Delaware Rules of Civil Procedure

In Delaware, Rules of Civil Procedure for the Superior Court of the State of Delaware lays down the rules that should be followed in the Superior Court of Delaware.  In Delaware, a civil action commences with the filing of a complaint or a petition or statement of claim with the Court.  Party who commences the action is called the plaintiff, and the opposite party is called the defendant.  Once a complaint is filed, upon request, the prothonotary will issue the required summons to the defendant(s). A civil action can be classified into various stages that include: pleading stage, discovery stage, trial stage, and judgment stage. 

Different types of pleadings in Delaware courts are: Complaint, Answer to Complaint, Counter claim, Reply to counterclaim, Cross claim, Reply to cross claim, Third party complaint and Third party answer.  A complaint should be filed by the real party in interest.  If the real party in interest is a minor or incompetent person, the person’s representative should file the complaint.  If a minor or incompetent person does not have a representative, s/he may file the action through a next friend or a guardian ad litem.  The courts, if found necessary will appoint a guardian ad litem to represent the minor or incompetent person.

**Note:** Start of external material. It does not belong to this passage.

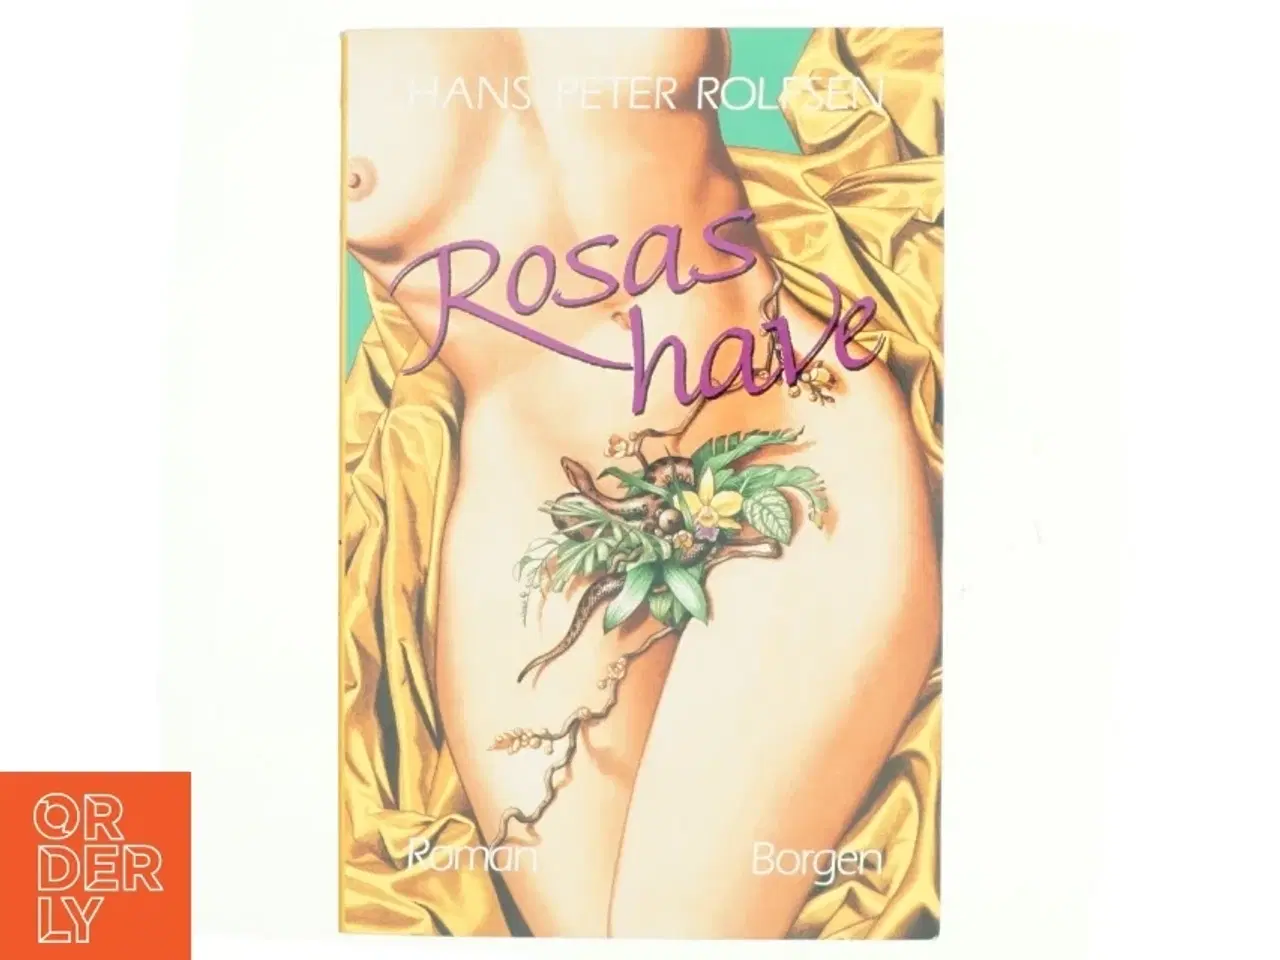 Billede 1 - Rosas have af Hans Peter Rolfsen (bog)

Parties may obtain discovery by:

  • depositions upon oral examination or written questions:
  • written interrogatories;
  • requests for admission;
  • request for production of documents or things;
  • request for permission to enter into land or other property for inspection or other purpose; and/or
  • request for physical and mental examinations.

After the commencement of the action but not later than ten days after the service of the last pleading directed to such issue, a party may demand for trial by jury.  A judgment is passed after trial.  The judgment includes an order upon which a writ of error or an appeal lies.  Generally, cost of litigation is adjudged to the prevailing party.